WARNING: However, as with the copy functions, when moving individual files, if you include a destination file name and a file with that name already exists in the destination folder, move() will permanently overwrite it without warning you first:

...
 >>> source = r'C:\src_folder\sketch.jpg'
 >>> destination = r'C:\dst_folder\design.jpg'
 >>> shutil.move(source, destination)
 
 'C:\\dst_folder\\design.jpg'
 
 >>> source = r'C:\src_folder\different_sketch.jpg'
 >>> destination = r'C:\dst_folder\design.jpg'
 >>> shutil.move(source, destination)
 
 'C:\\dst_folder\\design.jpg'


There is another subtle gotcha to look out for when using move() that has the potential to cause problems too:

...
 >>> source = r'C:\src_folder\blueprint.jpg'
 >>> destination = r'C:\dst_folder\plan'
 >>> shutil.move(source, destination)
 
 'C:\\dst_folder\\plan'

On this occasion we have tried to transfer a file into a folder that doesn’t exist. Instead of raising an exception, move() has completed the operation and given the file the name of the non-existent directory (plan) without a file extension. The file is still in JPEG format, but it won’t be called what we expect, and the file system will no longer recognize it! 
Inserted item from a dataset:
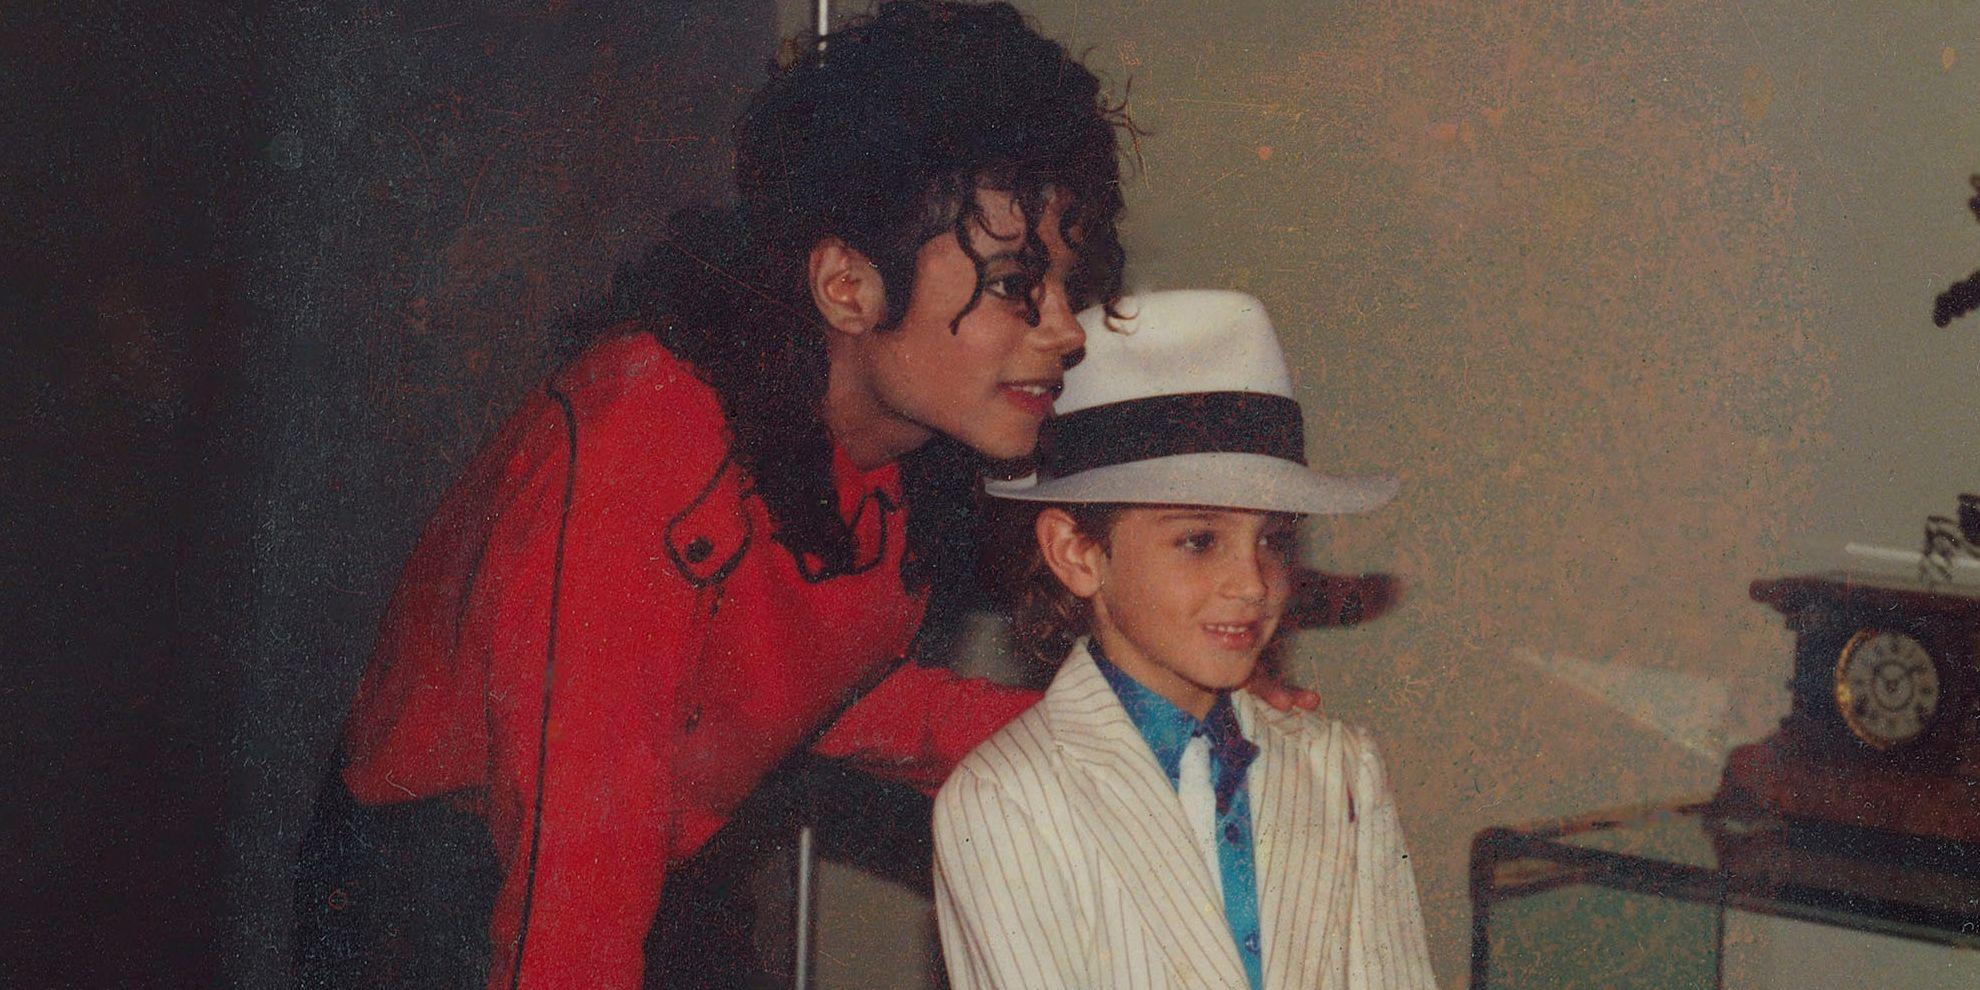 Leaving Neverland: Michael Jackson and Me, Wade Robson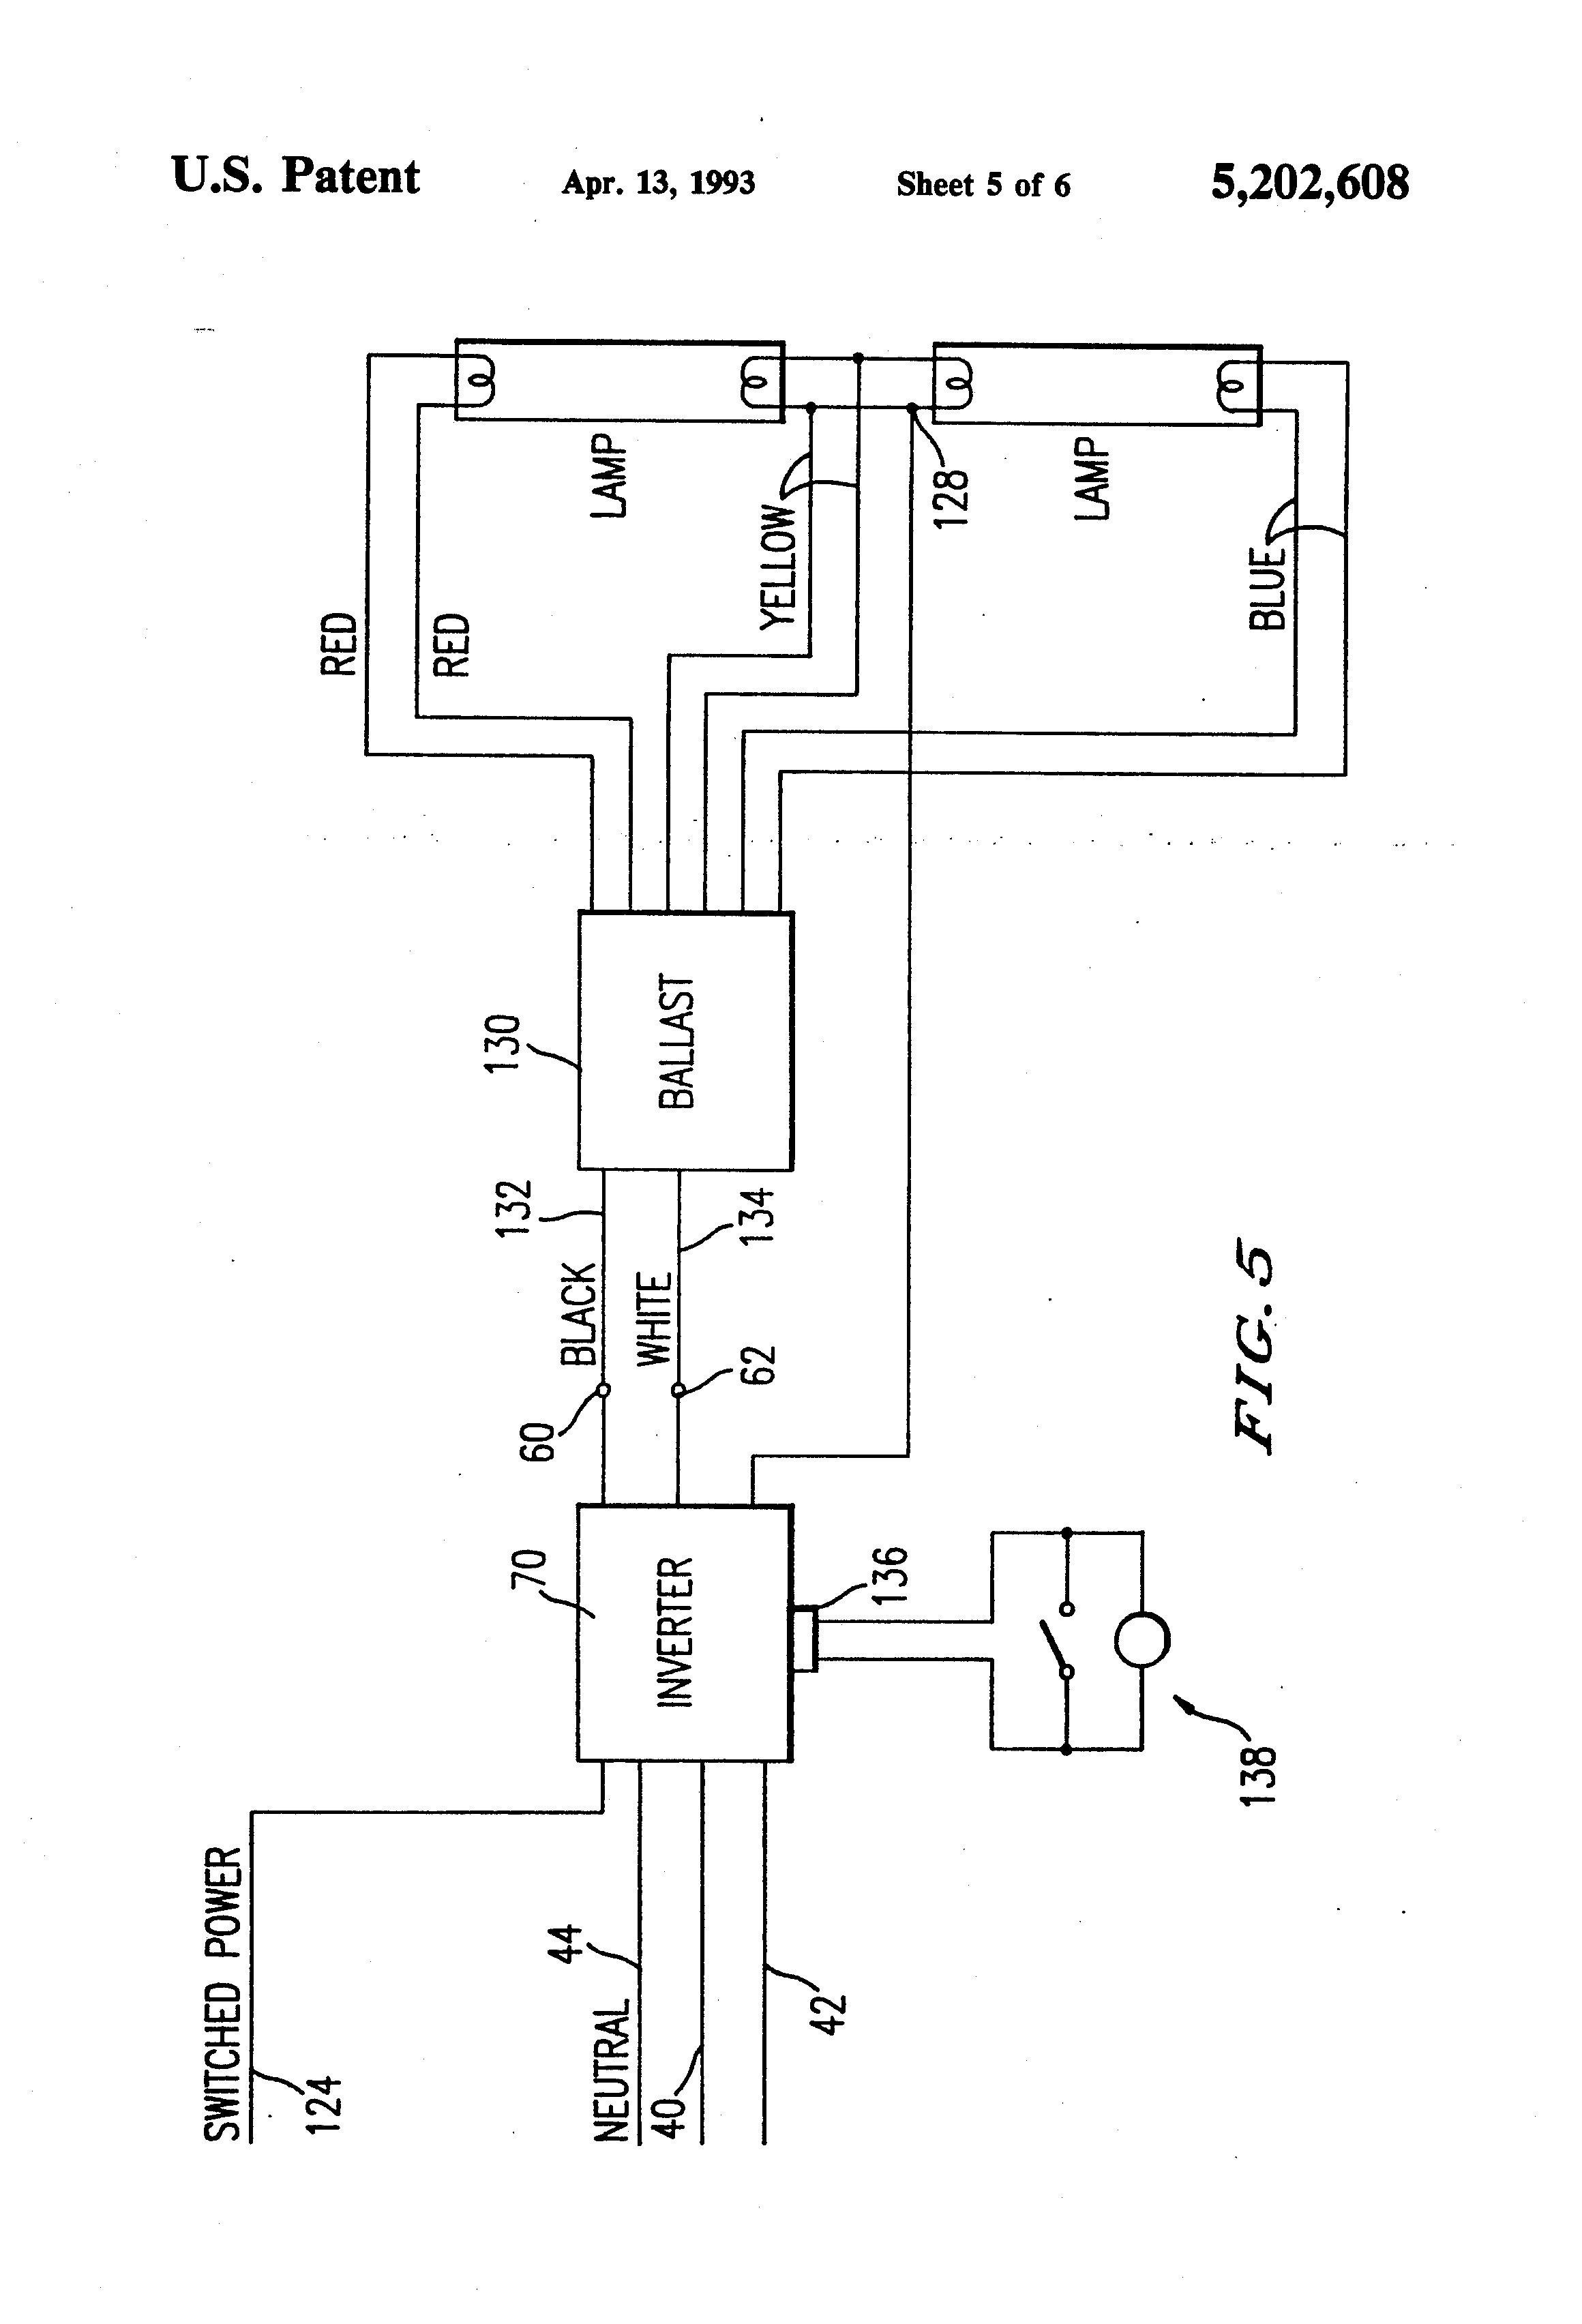 277 Volt Wiring Colors   Wiring Diagram - 277 Volt Lighting Wiring Diagram

The same kind of problem could occur if we accidentally missed off the file extension from a destination file name as well.

This issue might also crop up when using the copy functions if you’re not careful. In that case you would at least have the original file for reference, but it could still lead to significant confusion.

shutil rmtree

If you want to delete an entire directory instead of moving or copying it, you can do this with rmtree():

 
 import shutil
 >>> shutil.rmtree(r'C:\dst_folder\directory_copy')

By default, rmtree() will raise an exception and halt the process if an error is encountered when attempting to remove files. You can see an example of one of these error messages below:

 ...
 PermissionError: [WinError 32] The process cannot access the file because 
 it is being used by another process: 
 'C:\\dst_folder\\directory_copy\\blueprint.pdf'


However, this behavior can be overridden:

 ...
 >>> shutil.rmtree(r'C:\dst_folder\directory_copy', ignore_errors=True)


If you set the ignore_errors  parameter to True, rmtree() will continue to delete the directory instead of raising an exception.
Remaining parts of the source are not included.